The problem with customers being pressured into buying uncompetitive life cover and home insurance plans is equally significant for both products.

The problems are especially severe with payment protection insurance. As much as 1/2 of all clients who have been influenced into taking out a  PPI may have been given the wrong type of insurance. Plus the the greater part of people who bought one of these questionable policies expect much more than they would in truth receive if they were unable to pay their bills.

A broad survey has found that about 25 per cent of people are under the illusion that they will be paid a monthly wage from their PPI policy, rather than understanding the policy would only cover their debts.

A further 15 per cent said they believed the policy would protect them if they could no longer meet their repayment obligations for any reason, and 7 percent said they thought their medical bills would be paid for if they were to taken ill .

Many people thought the policy would go on indefinitely to meet their ongoing debts, others thought their policy would cover motor car breakdowns and household bills.

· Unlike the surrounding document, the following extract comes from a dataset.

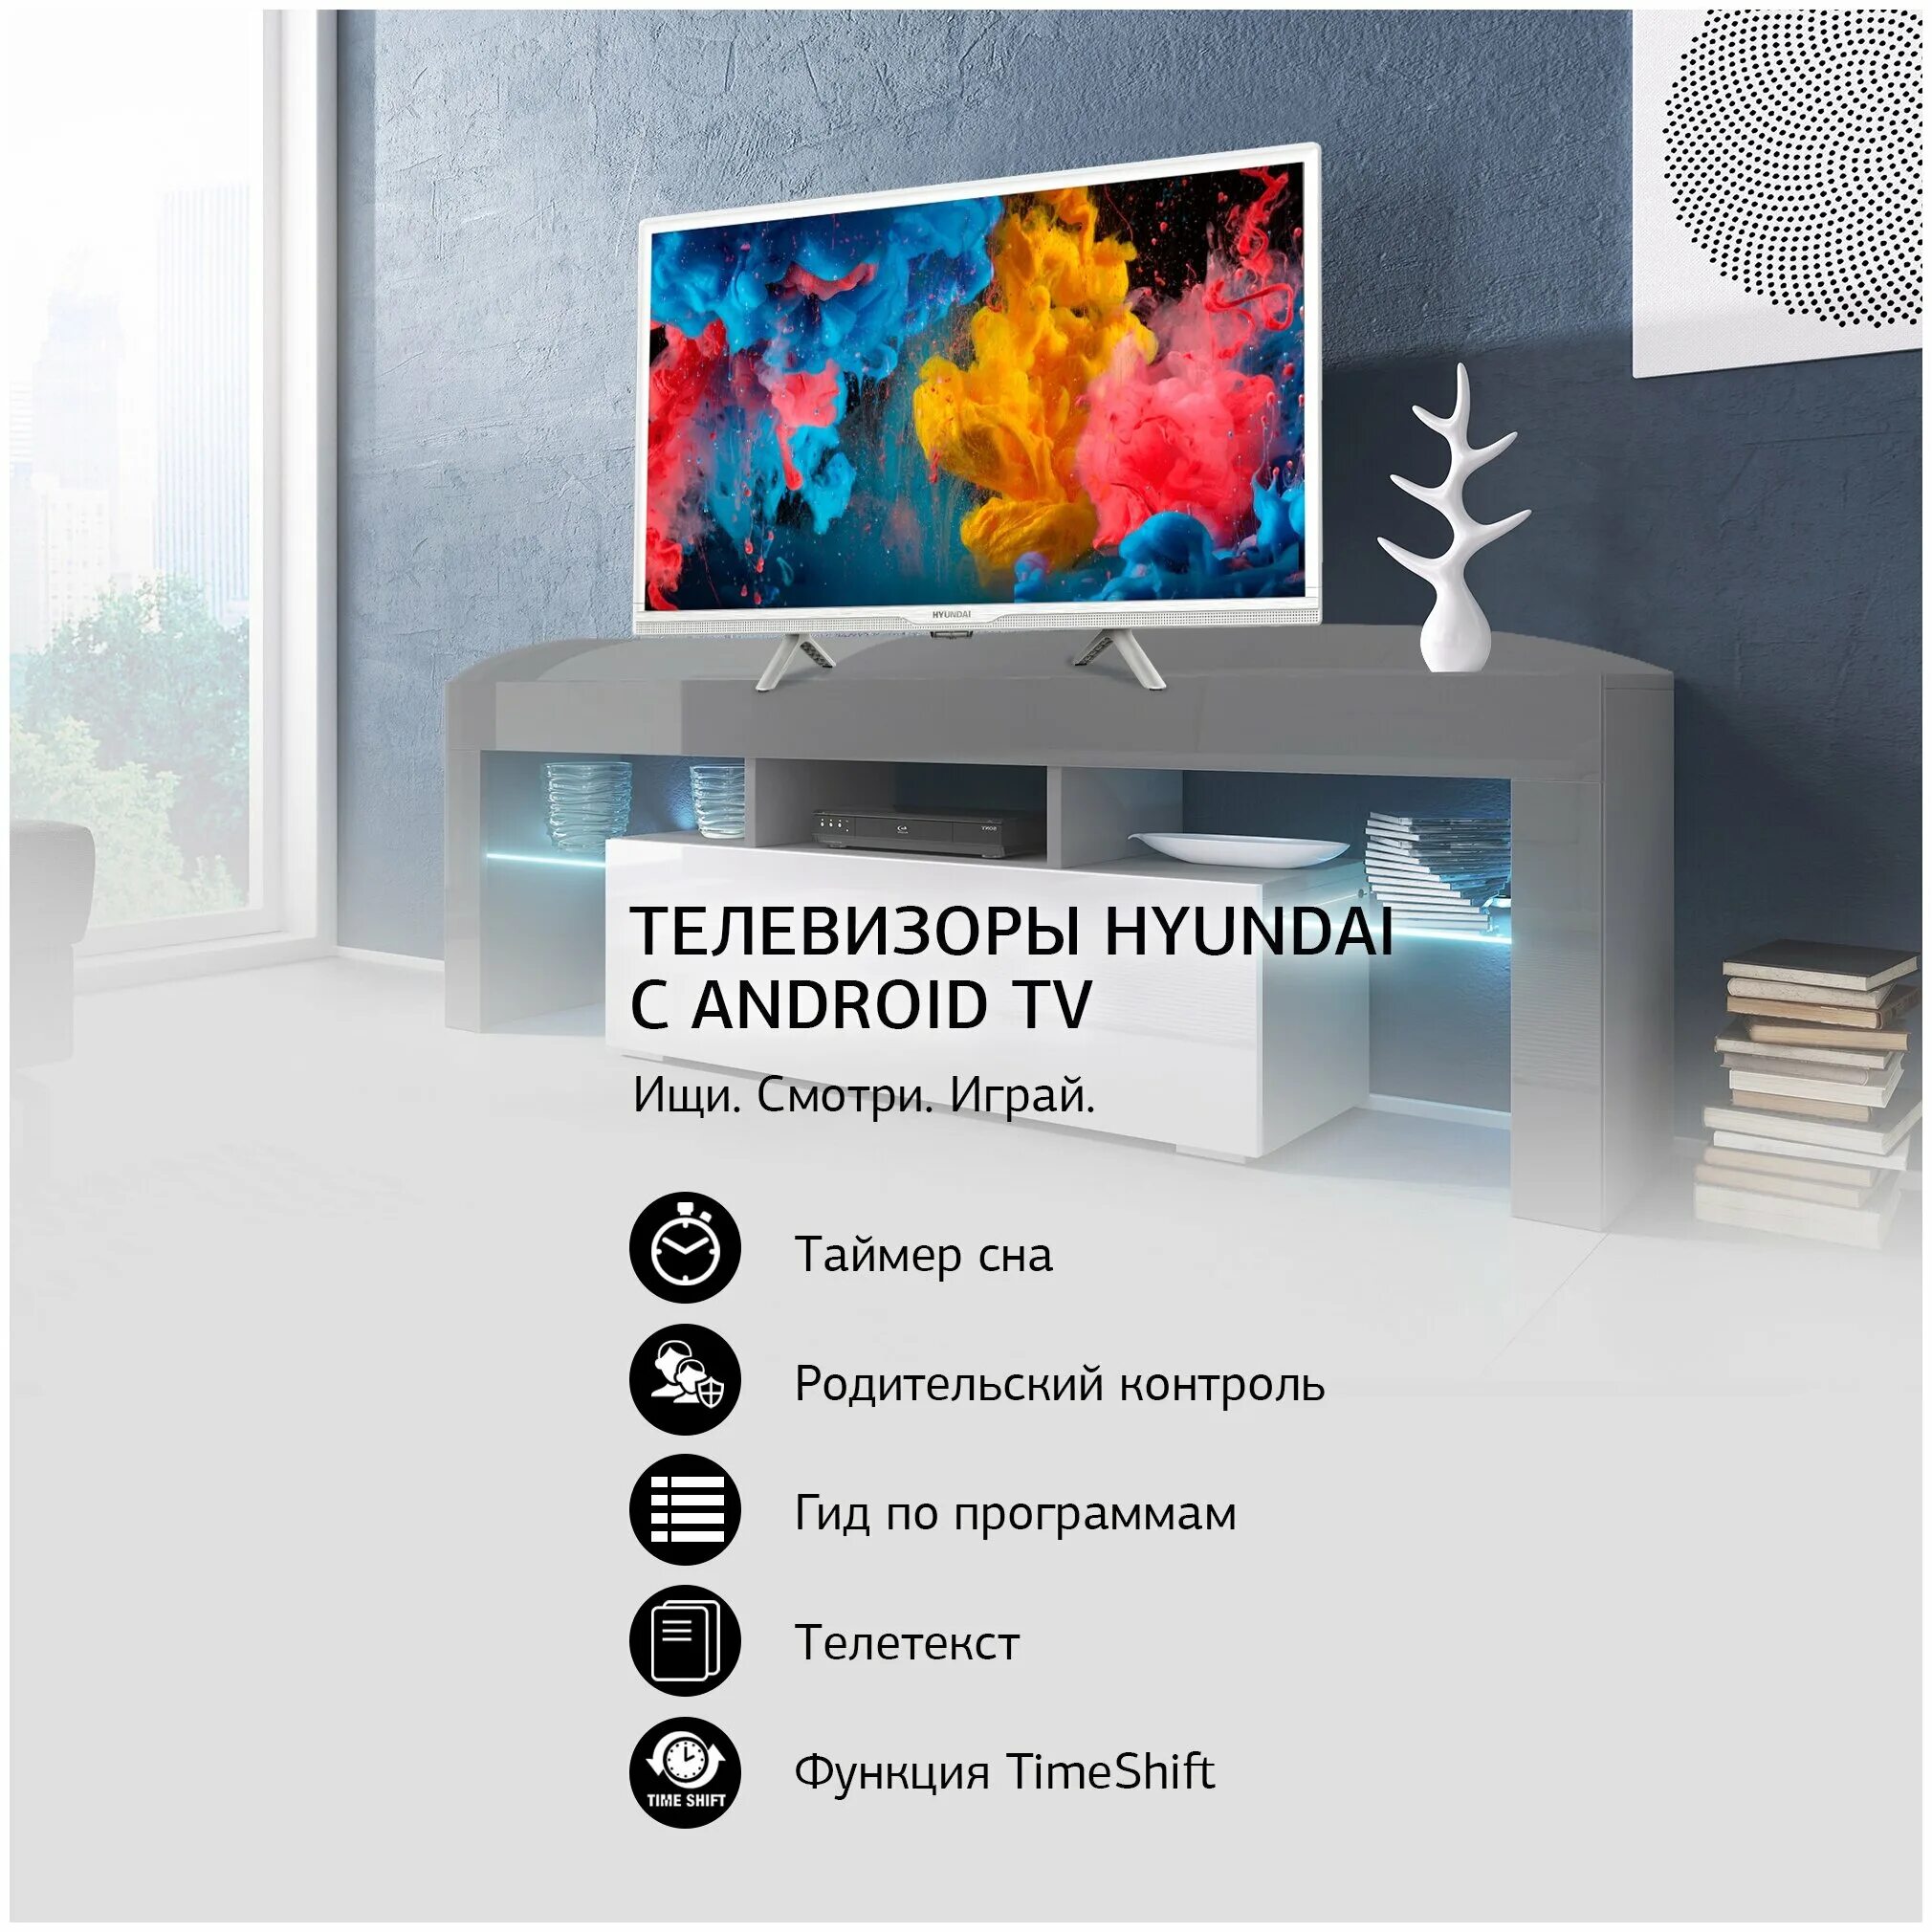 Телевизор hyundai 24. Телевизор Hyundai h-led24fs5002. Led телевизор 24" Hyundai h-led24fs5002 белый.

Yearly sales of Payment Protection Insurance policies are said to create premiums of about £5.4bn for the insurance business. However a stunning 4.5 billion pounds of this is said to be pure profit. Investigations suggest  that several banks charge up to  six hundred per cent more than others for a comparable product.

The Office of Fair Trading is investigating the sale of Payment Protection Insurance preceding complaints from the National Consumer Council and Citizens Advice. It recently empasized concerns that banks are tempting customers by advertising seemingly cheap loans and then hitting them with huge additional costs by selling expensive Payment Protection Insuranceas part of the deal.

As a consequence, a loan which appears to offer good value ends up being much more expensive.